Recorded information.
★ ★ ★

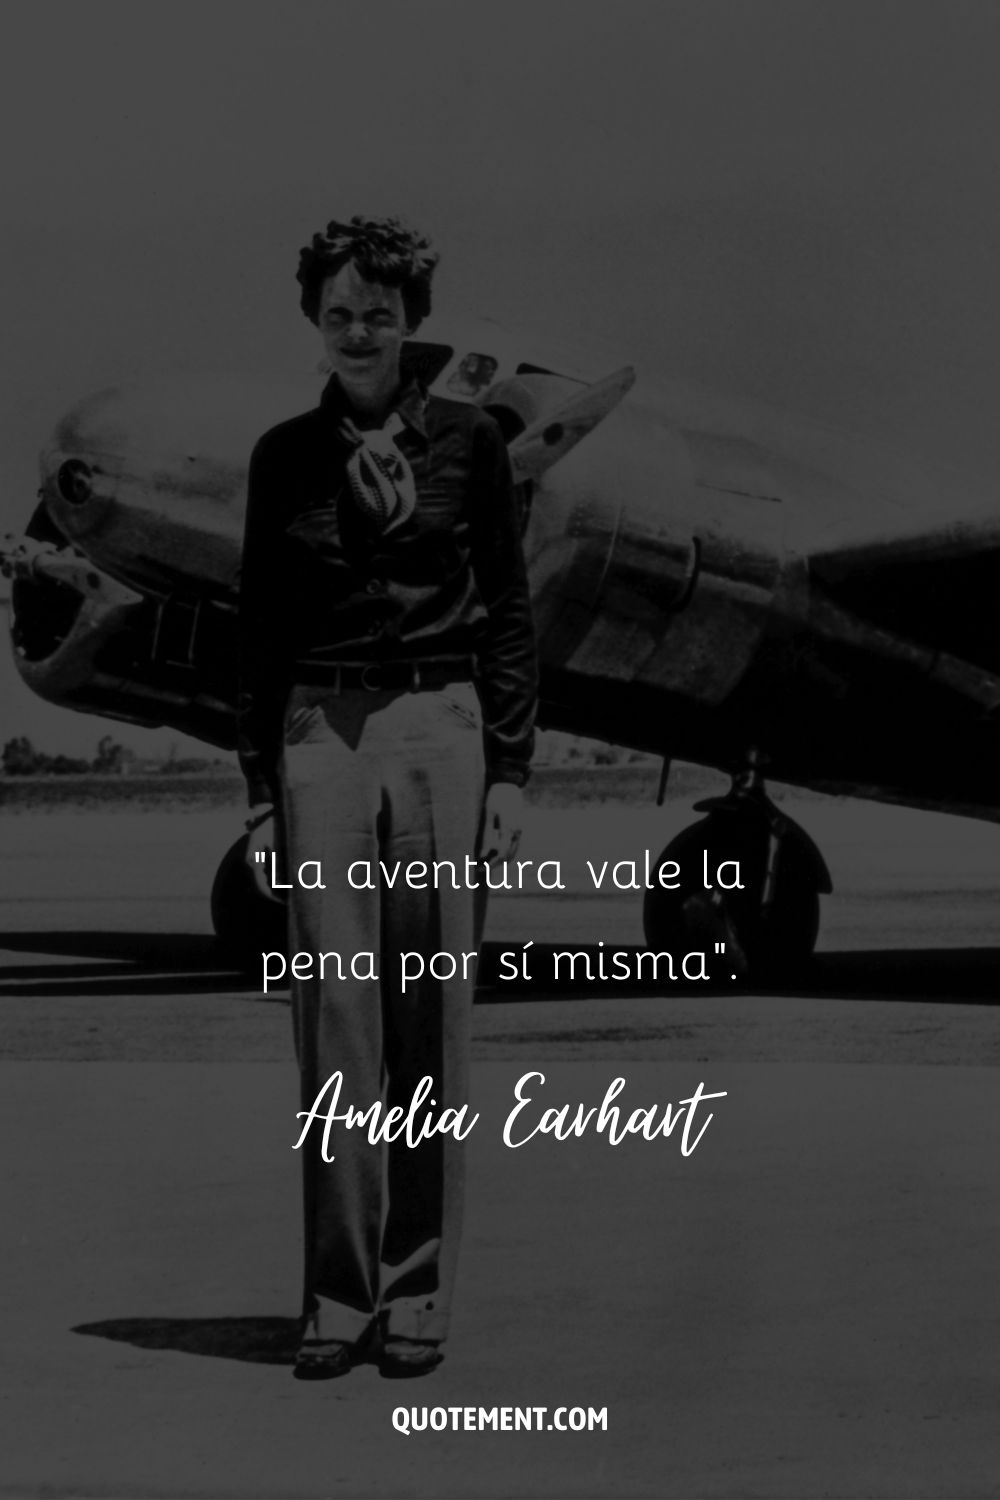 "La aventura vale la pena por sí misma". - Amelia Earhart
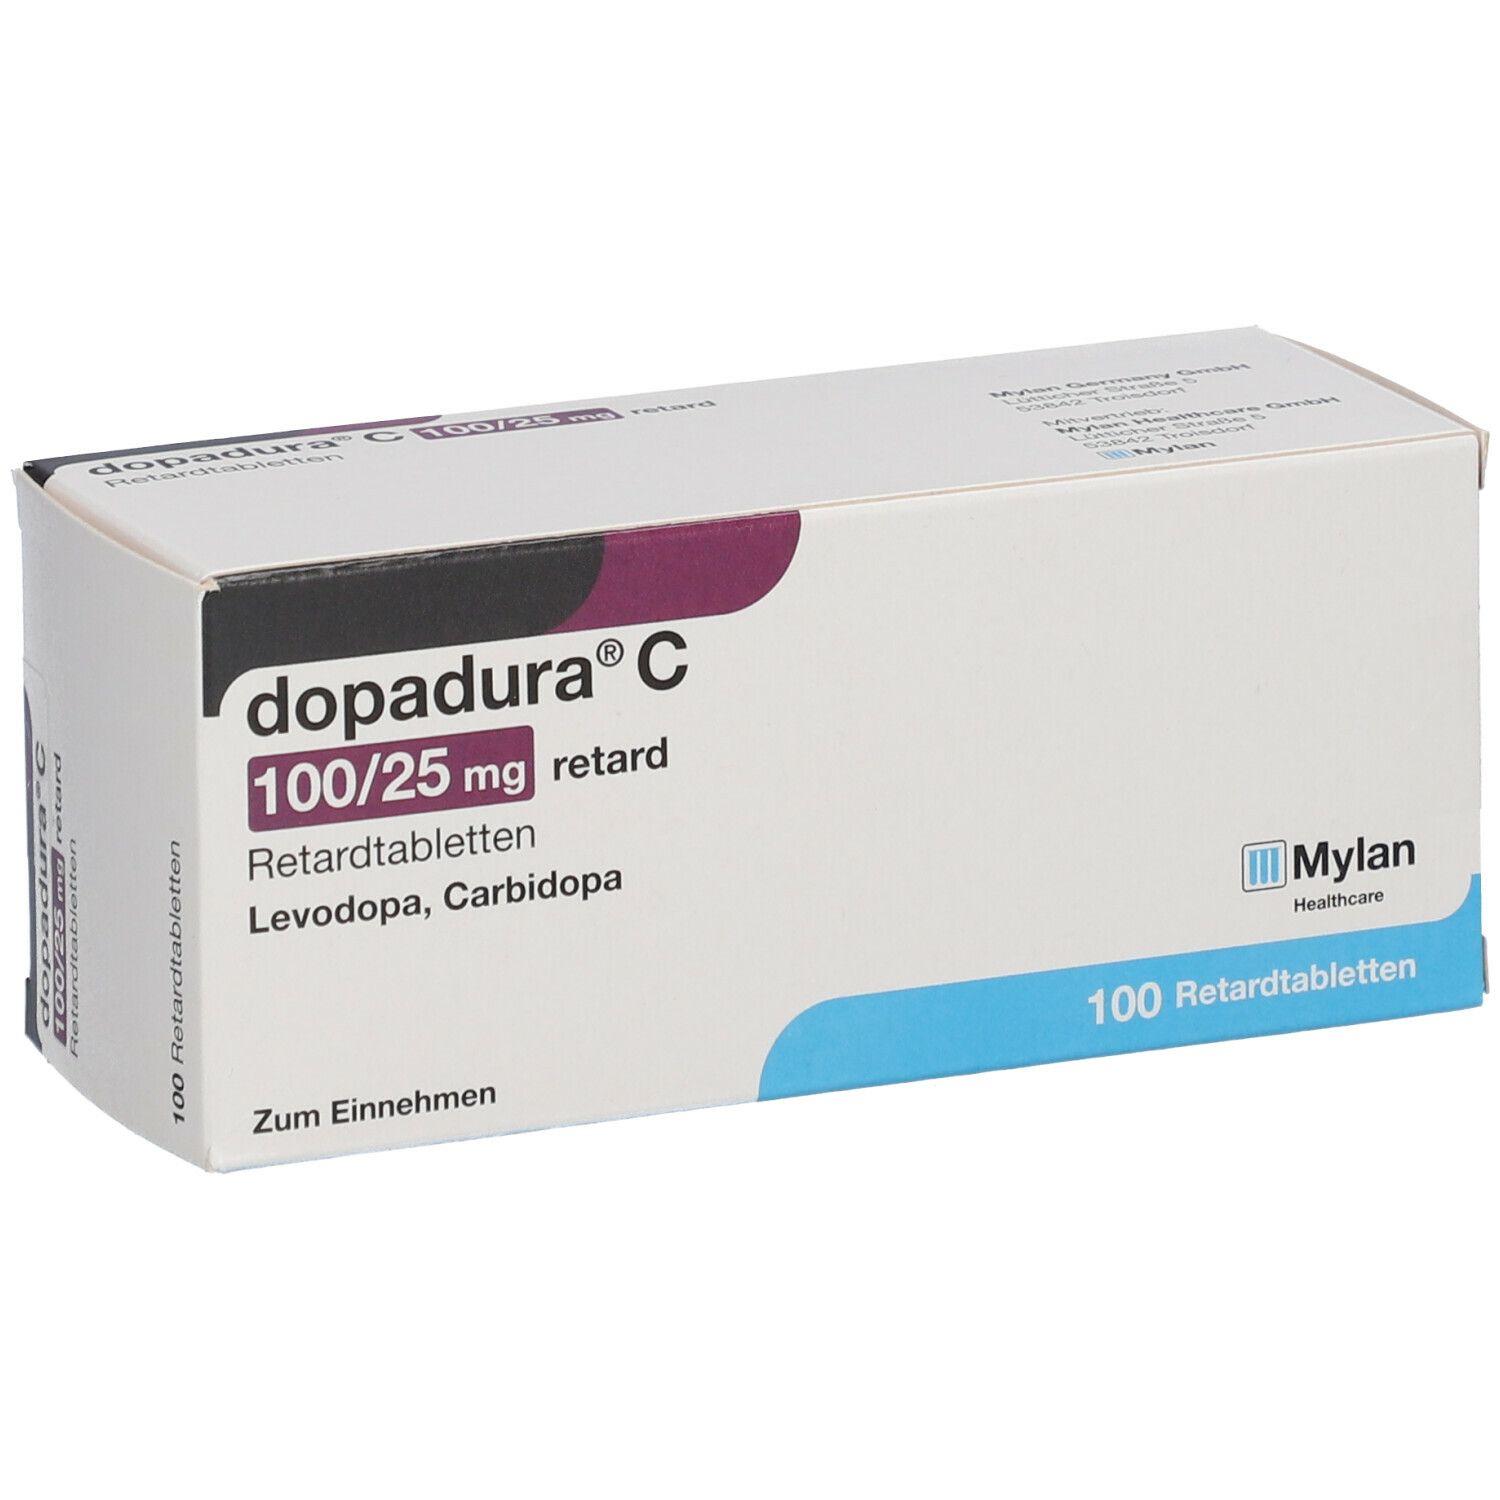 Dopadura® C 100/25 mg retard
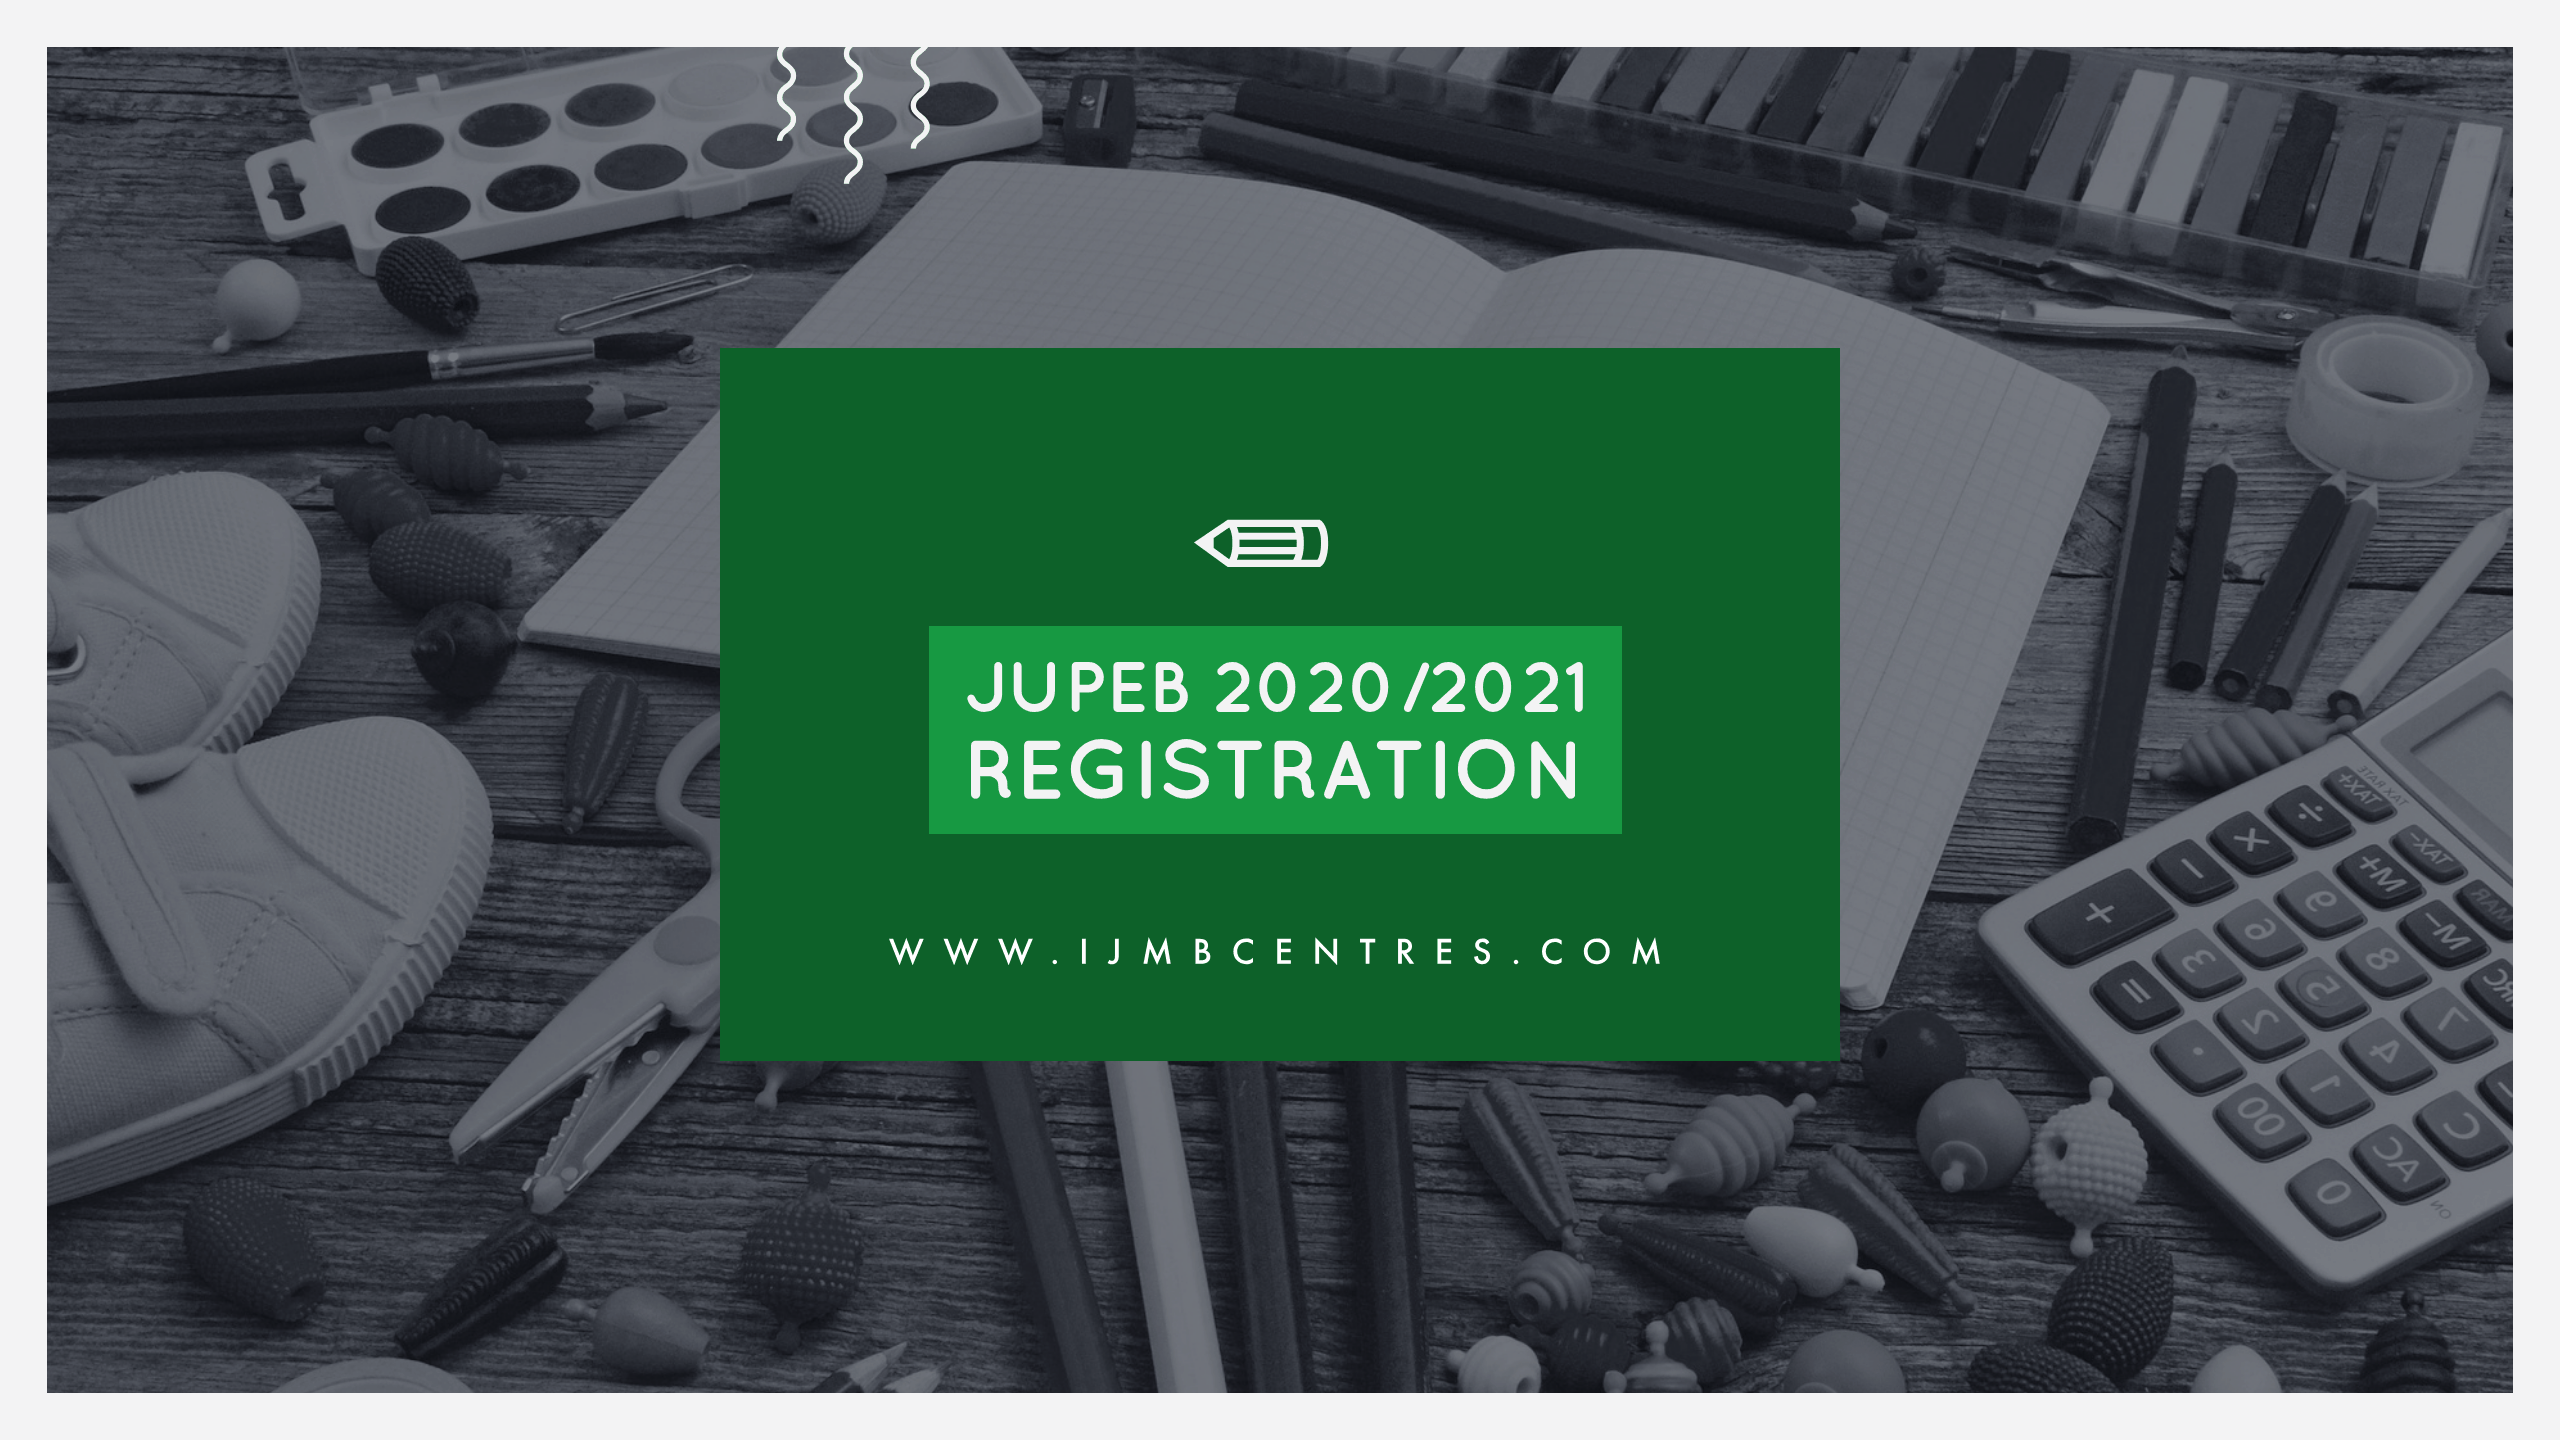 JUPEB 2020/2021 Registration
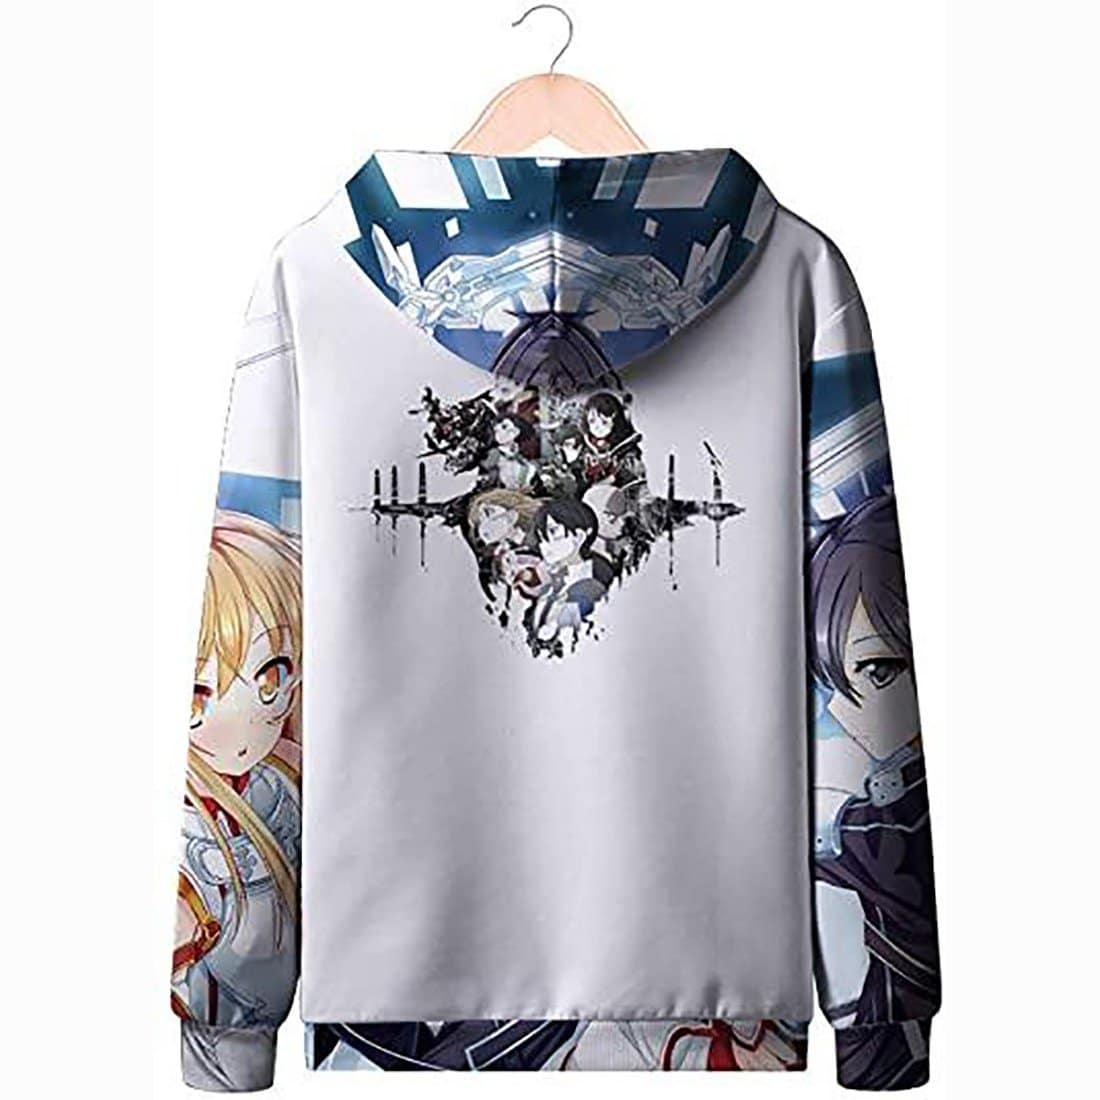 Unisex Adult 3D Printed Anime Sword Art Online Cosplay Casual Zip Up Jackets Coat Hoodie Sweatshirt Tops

★ ★ ★

Requirement. Please return the full listing word for word, but without any pictures.

Written response.
 "La aventura vale la pena por sí misma". - Amelia Earhart
 Dopadura® C 100/25 mg retard
 JUPEB 2020/2021 Registration
 Unisex Adult 3D Printed Anime Sword Art Online Cosplay Casual Zip Up Jackets Coat Hoodie Sweatshirt Tops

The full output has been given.